# Karma



## Guest (Jul 28, 2007)

Has anyone tried Karma Essential Oil Blend from Brambleberry, I have it.. but I dont know what to think of it. 
Im not an Essential Oil fan really at all.. so I am trying to experience some before I dismiss them all together... 
Any thoughts?


----------



## pepperi27 (Jul 28, 2007)

Well, I will be honest and say that when I started making candles in 2004 I made a vow to not make anything with essential oils. Three years later I can't get enough of them! I'll admit you have to be careful about selling to certain people, making sure you put down reactions (pregnant women) stuff like that. I only use about eight kinds. So to my point, don't dismiss it try out a small little sample and see how you like it. Try some in lotion, soap, body spray. You may like it more in one than another!

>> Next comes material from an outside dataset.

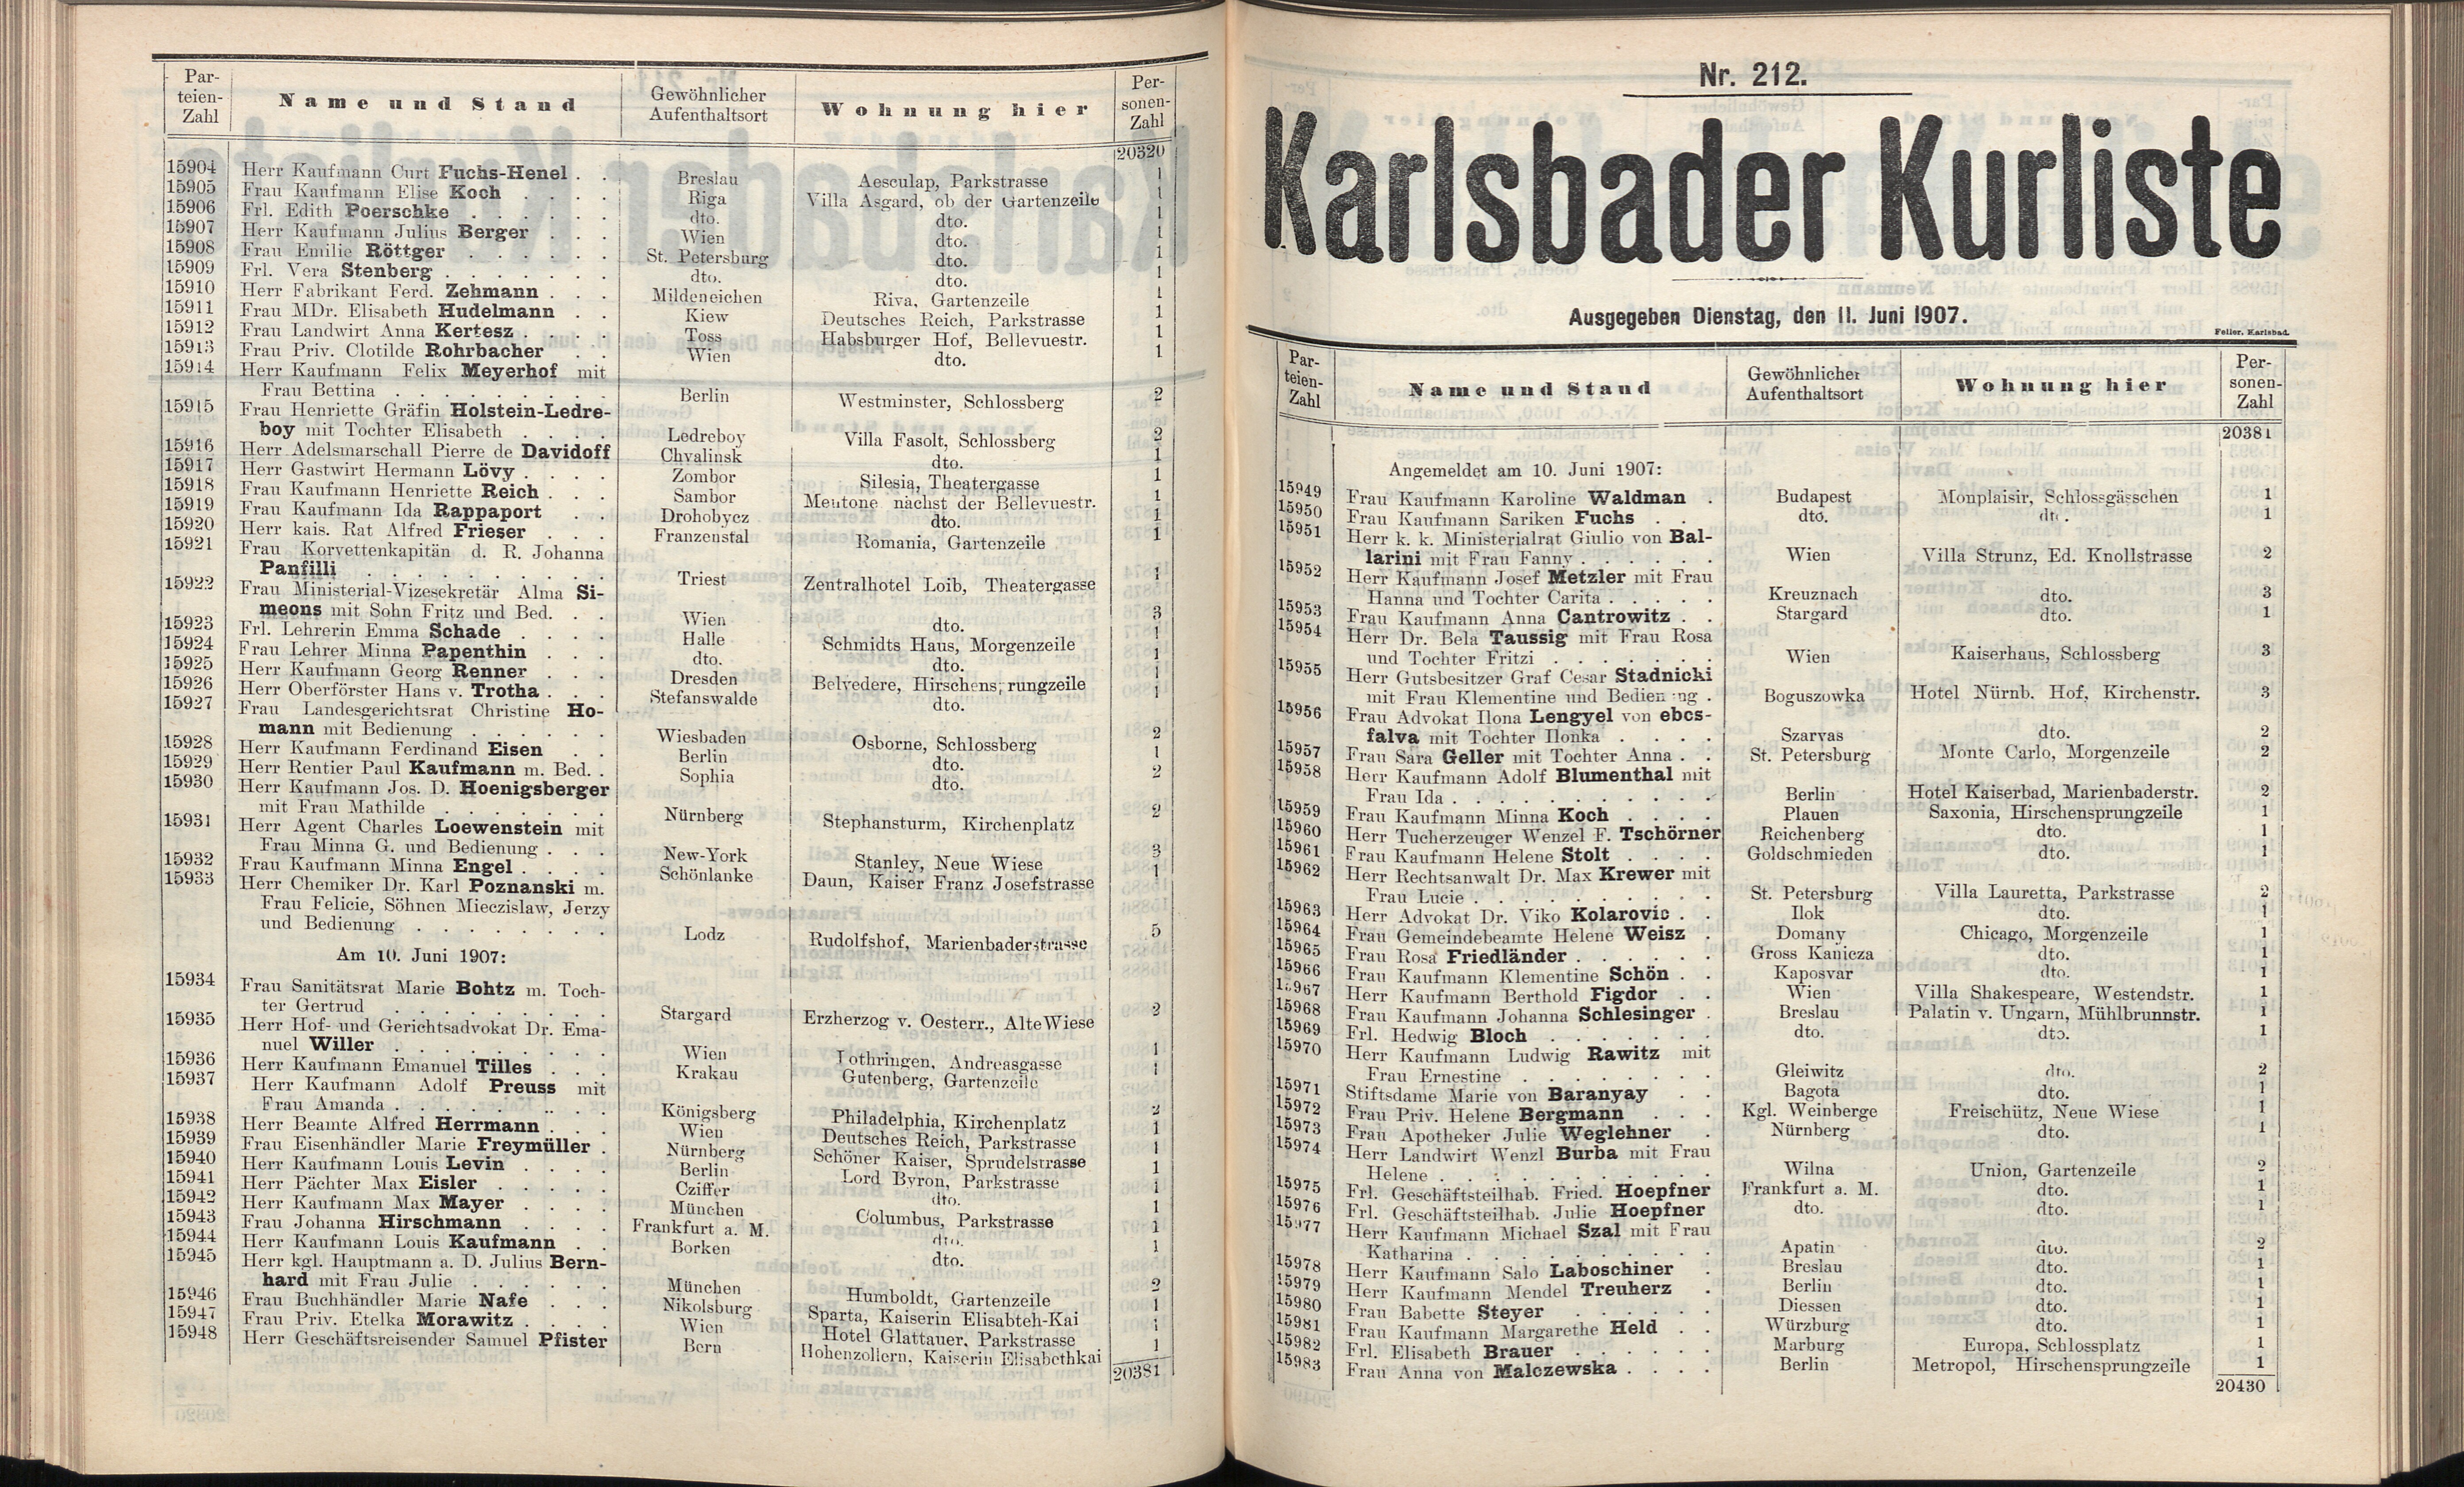 325. soap-kv_knihovna_karlsbader-kurliste-1907_3260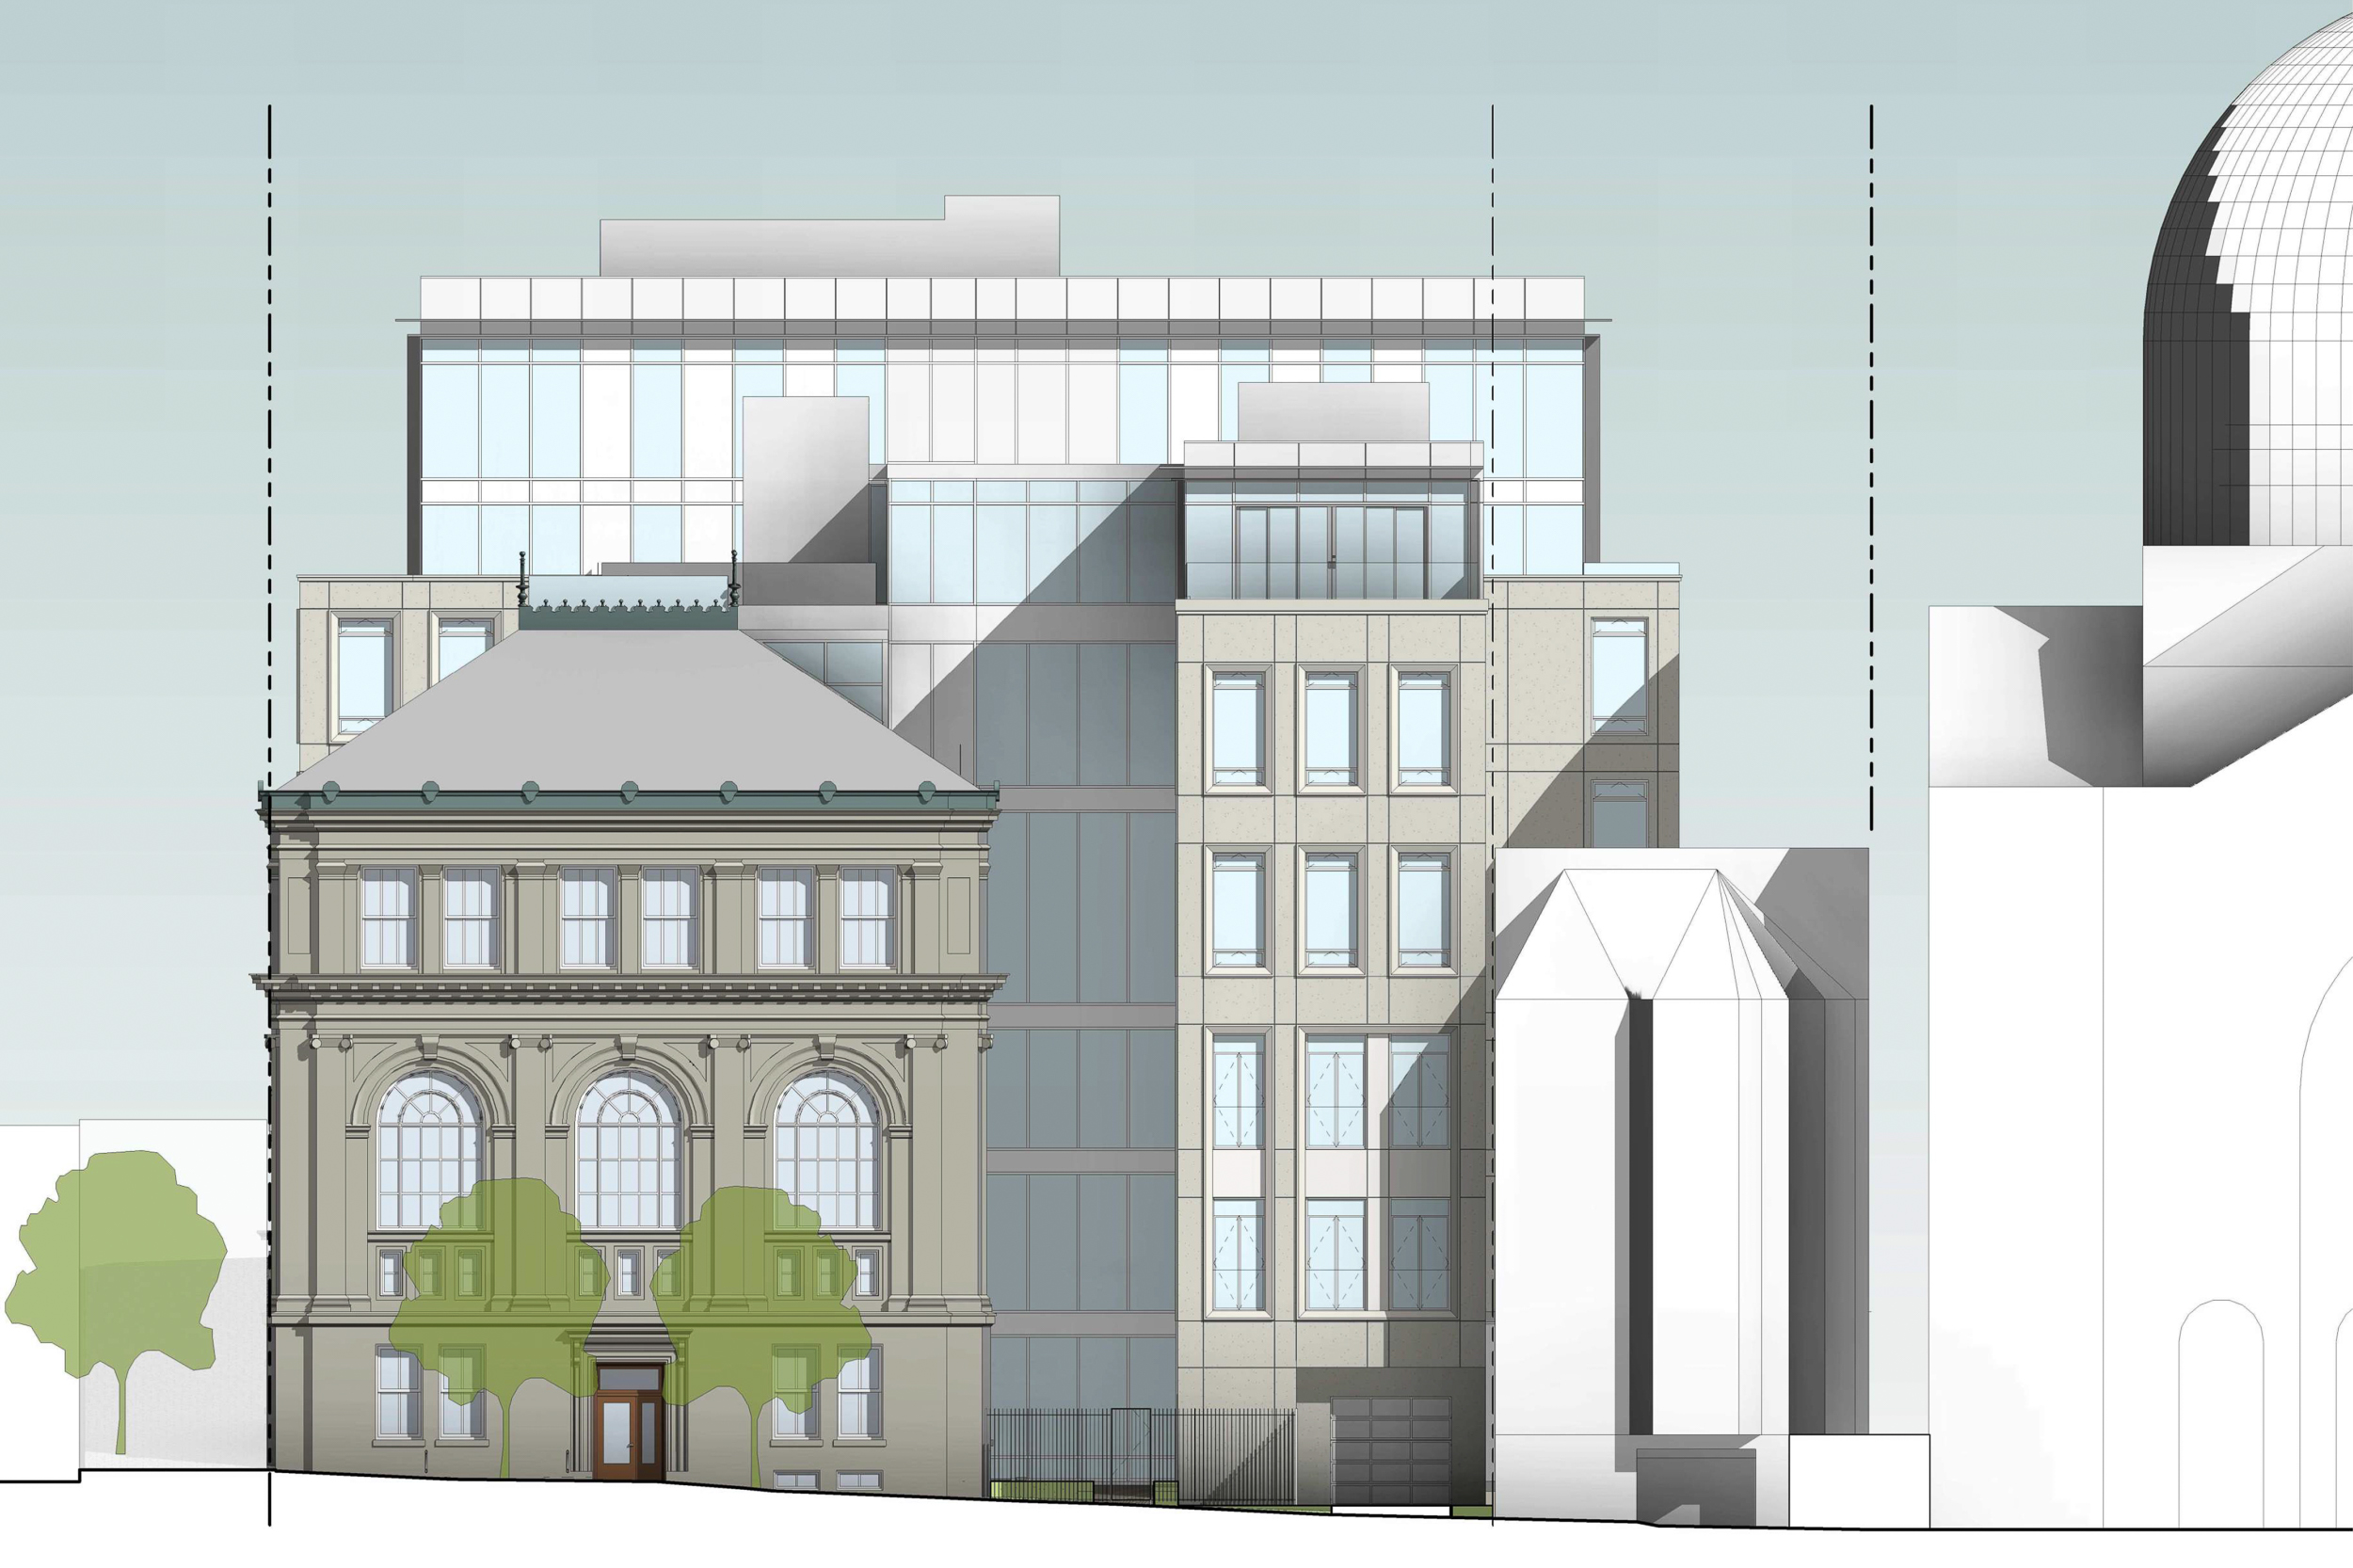 2395 Sacramento Street facade elevation, illustration by BAR Architects

Oh and no I haven't tried their eo's cause there a bit over my budget.


----------



## Guest (Jul 29, 2007)

Thats Pepper, 

I just cant stand the smell of them lol
I live Lavender, Peppermint, Lemon, and Orange.. 
thats about it.. so when I smelled this.. I was like  :shock:  :roll: 

I am going to try it in soap.


----------



## pepperi27 (Jul 29, 2007)

Thats awesome!


----------



## Guest (Jul 31, 2007)

Are you ever worried about someone have a reaction... i mean because of the precautions of the essential oils?


----------